In your shoes I'd make plans, sort tenancy etc then boot him out when it suits you, maybe when your postnatal issues have levelled out a bit. Not because you'll see things differently but because it seems like extra stress you don't need.

Talk to your family about what you're planning, you might need their help and support.

Veryverycalmnow · 01/09/2024 09:28

Just seen the date on the original post. How are things going OP?

ForTaupeJoker · 17/11/2024 10:54

I totally sympathise about that feeling u got about his behaviour financially but immaturity can make us blind to these areas. Although it may be true that he has been spoiled by his mum that can be just as life damaging as strictness because he is in danger of losing the adult life he does have over essentially his character flaw. I would try and say to myself - I'm going to treat us both as needing help with the depression factor, because although it looks like he is enjoying doing little he may just be depressed. Right now you have a second adult in the house and picking up children at school is a huge deal because it can't be flexible and it's literally child-safety.
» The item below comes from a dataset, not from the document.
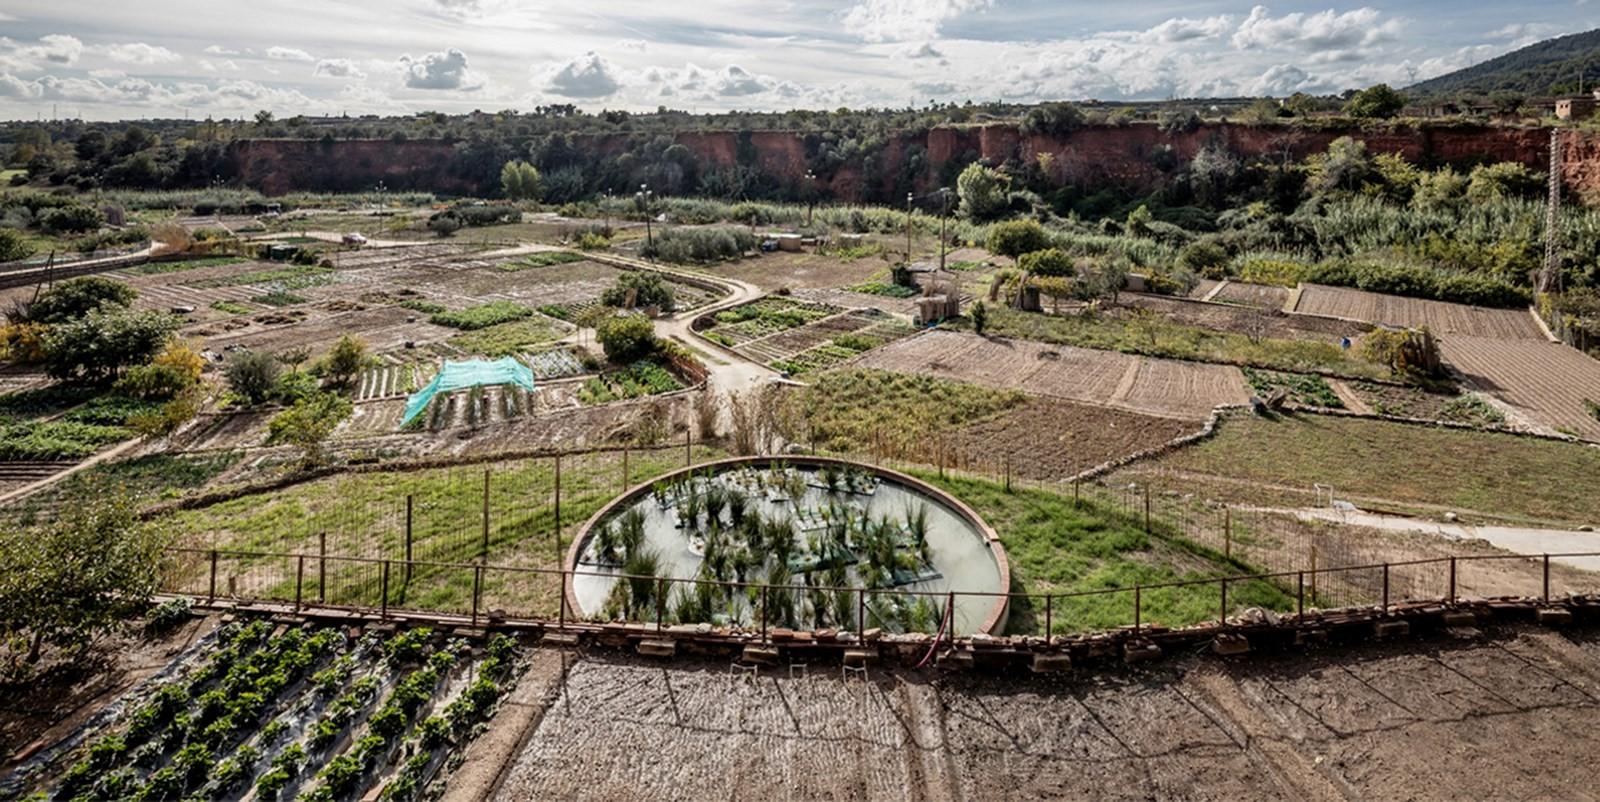 Thermal Orchards, Caldes de Montbui, Spain - Sheet1

Financial stress makes us relate to each other in negative ways. You are the expert on your partner here. You can ignore how others see him and instead try a Hobson's Choice (it's a very old film) option. Only you know what's best for you but if you think about it he is not ambitious can mean he is relaxing to be around? Could you watch a game or two with him and go with that and seek him out emotionally? Praise his looks. Just a little bit. Make sure he is not suicidal. He is not a 'cocklodger' he is your guy and you and he made two children together - many an 'ambitious man' can nag woman to go out and buy the correct ingredients for meal to impress visitors - layabout is not all bad! He's guarding the homestead. Also: Relate could be a place for you both to talk things through - don't be having hard talks at home. U r both new mum and dad and presumably he's been an ok step dad to your first dad. I may be wrong but I sense you have as your main enemies depression and tiredness and finances. Try a little strategy and be telling him how you love that you can count on him to always be there. That's what I'd try anyway with a weather-eye on what his and your children need of course. Continuity and close contact with him is a good thing. If a person is a young depressed father who's never been guided to how to adult, they are never deserving of insulting terms (even if we might think than in our stressed moments). Also - access days for him seeing your shared children where u do be able to prevent them being taken out with his future possible new partner and/,or child(ren)plus single-parenting (which I'm sure u would cope with)but it is a lot for children to get their self esteem round ie something to avoid? Hope my cents worth helps. Hope u feel happier soon.